*Exercise instructions*
Working from the entries below, give again each line from the first through the one containing "Figurative Sculpture Lyle London - BEAUTÉ", exactly and with nothing else.

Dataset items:
--- --- ---
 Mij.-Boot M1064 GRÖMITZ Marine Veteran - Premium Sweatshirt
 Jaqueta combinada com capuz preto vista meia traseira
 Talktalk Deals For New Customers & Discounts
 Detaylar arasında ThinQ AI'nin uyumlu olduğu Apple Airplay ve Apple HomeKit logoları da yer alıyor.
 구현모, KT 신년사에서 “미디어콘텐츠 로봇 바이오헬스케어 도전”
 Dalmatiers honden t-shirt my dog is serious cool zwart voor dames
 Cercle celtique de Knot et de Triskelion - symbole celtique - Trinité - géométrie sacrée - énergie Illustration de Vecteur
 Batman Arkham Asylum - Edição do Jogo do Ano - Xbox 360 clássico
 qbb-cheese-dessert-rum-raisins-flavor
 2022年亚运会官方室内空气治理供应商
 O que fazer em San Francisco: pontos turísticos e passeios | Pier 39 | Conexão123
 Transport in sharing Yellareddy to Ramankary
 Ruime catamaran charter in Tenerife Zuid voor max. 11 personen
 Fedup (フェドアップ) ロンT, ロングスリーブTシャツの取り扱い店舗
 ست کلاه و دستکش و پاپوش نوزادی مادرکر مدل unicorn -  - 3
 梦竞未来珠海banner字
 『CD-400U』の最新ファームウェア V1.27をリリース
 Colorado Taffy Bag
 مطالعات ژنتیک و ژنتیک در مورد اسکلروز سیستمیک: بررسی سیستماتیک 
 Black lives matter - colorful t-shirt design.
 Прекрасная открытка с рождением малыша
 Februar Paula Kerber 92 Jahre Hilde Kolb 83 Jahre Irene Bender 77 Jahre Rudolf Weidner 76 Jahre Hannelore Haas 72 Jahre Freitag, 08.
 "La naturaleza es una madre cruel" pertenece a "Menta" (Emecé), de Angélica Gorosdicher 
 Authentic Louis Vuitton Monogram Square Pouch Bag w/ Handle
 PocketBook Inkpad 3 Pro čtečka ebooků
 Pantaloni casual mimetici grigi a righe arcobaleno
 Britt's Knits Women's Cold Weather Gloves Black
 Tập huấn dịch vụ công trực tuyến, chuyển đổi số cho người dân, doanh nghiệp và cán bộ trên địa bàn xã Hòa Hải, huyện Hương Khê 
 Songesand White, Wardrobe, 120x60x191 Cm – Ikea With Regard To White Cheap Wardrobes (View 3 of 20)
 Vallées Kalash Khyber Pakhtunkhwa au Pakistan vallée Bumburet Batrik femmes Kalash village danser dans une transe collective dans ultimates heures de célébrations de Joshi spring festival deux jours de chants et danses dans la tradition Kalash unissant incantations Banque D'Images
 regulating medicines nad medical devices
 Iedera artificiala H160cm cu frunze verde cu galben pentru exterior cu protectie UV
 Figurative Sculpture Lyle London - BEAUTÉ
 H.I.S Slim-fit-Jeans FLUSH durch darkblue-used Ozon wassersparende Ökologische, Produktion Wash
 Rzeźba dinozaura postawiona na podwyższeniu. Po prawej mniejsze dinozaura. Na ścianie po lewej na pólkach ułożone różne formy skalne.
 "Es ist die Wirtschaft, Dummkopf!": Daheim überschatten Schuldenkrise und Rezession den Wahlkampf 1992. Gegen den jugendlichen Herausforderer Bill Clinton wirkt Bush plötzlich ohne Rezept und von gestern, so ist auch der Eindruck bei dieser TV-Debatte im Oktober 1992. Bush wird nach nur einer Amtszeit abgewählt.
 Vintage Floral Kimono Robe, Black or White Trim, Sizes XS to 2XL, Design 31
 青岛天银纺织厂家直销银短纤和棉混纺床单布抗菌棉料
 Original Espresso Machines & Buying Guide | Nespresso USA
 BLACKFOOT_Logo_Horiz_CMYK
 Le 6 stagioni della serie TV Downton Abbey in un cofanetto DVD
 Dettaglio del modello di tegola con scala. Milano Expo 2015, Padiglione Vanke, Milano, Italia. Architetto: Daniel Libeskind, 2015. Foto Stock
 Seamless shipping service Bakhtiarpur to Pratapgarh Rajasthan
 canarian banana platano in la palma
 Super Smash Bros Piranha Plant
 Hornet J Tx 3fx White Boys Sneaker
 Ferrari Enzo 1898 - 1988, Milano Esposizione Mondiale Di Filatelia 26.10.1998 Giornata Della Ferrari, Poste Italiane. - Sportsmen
--- --- ---
*Task result*
 Mij.-Boot M1064 GRÖMITZ Marine Veteran - Premium Sweatshirt
 Jaqueta combinada com capuz preto vista meia traseira
 Talktalk Deals For New Customers & Discounts
 Detaylar arasında ThinQ AI'nin uyumlu olduğu Apple Airplay ve Apple HomeKit logoları da yer alıyor.
 구현모, KT 신년사에서 “미디어콘텐츠 로봇 바이오헬스케어 도전”
 Dalmatiers honden t-shirt my dog is serious cool zwart voor dames
 Cercle celtique de Knot et de Triskelion - symbole celtique - Trinité - géométrie sacrée - énergie Illustration de Vecteur
 Batman Arkham Asylum - Edição do Jogo do Ano - Xbox 360 clássico
 qbb-cheese-dessert-rum-raisins-flavor
 2022年亚运会官方室内空气治理供应商
 O que fazer em San Francisco: pontos turísticos e passeios | Pier 39 | Conexão123
 Transport in sharing Yellareddy to Ramankary
 Ruime catamaran charter in Tenerife Zuid voor max. 11 personen
 Fedup (フェドアップ) ロンT, ロングスリーブTシャツの取り扱い店舗
 ست کلاه و دستکش و پاپوش نوزادی مادرکر مدل unicorn -  - 3
 梦竞未来珠海banner字
 『CD-400U』の最新ファームウェア V1.27をリリース
 Colorado Taffy Bag
 مطالعات ژنتیک و ژنتیک در مورد اسکلروز سیستمیک: بررسی سیستماتیک 
 Black lives matter - colorful t-shirt design.
 Прекрасная открытка с рождением малыша
 Februar Paula Kerber 92 Jahre Hilde Kolb 83 Jahre Irene Bender 77 Jahre Rudolf Weidner 76 Jahre Hannelore Haas 72 Jahre Freitag, 08.
 "La naturaleza es una madre cruel" pertenece a "Menta" (Emecé), de Angélica Gorosdicher 
 Authentic Louis Vuitton Monogram Square Pouch Bag w/ Handle
 PocketBook Inkpad 3 Pro čtečka ebooků
 Pantaloni casual mimetici grigi a righe arcobaleno
 Britt's Knits Women's Cold Weather Gloves Black
 Tập huấn dịch vụ công trực tuyến, chuyển đổi số cho người dân, doanh nghiệp và cán bộ trên địa bàn xã Hòa Hải, huyện Hương Khê 
 Songesand White, Wardrobe, 120x60x191 Cm – Ikea With Regard To White Cheap Wardrobes (View 3 of 20)
 Vallées Kalash Khyber Pakhtunkhwa au Pakistan vallée Bumburet Batrik femmes Kalash village danser dans une transe collective dans ultimates heures de célébrations de Joshi spring festival deux jours de chants et danses dans la tradition Kalash unissant incantations Banque D'Images
 regulating medicines nad medical devices
 Iedera artificiala H160cm cu frunze verde cu galben pentru exterior cu protectie UV
 Figurative Sculpture Lyle London - BEAUTÉ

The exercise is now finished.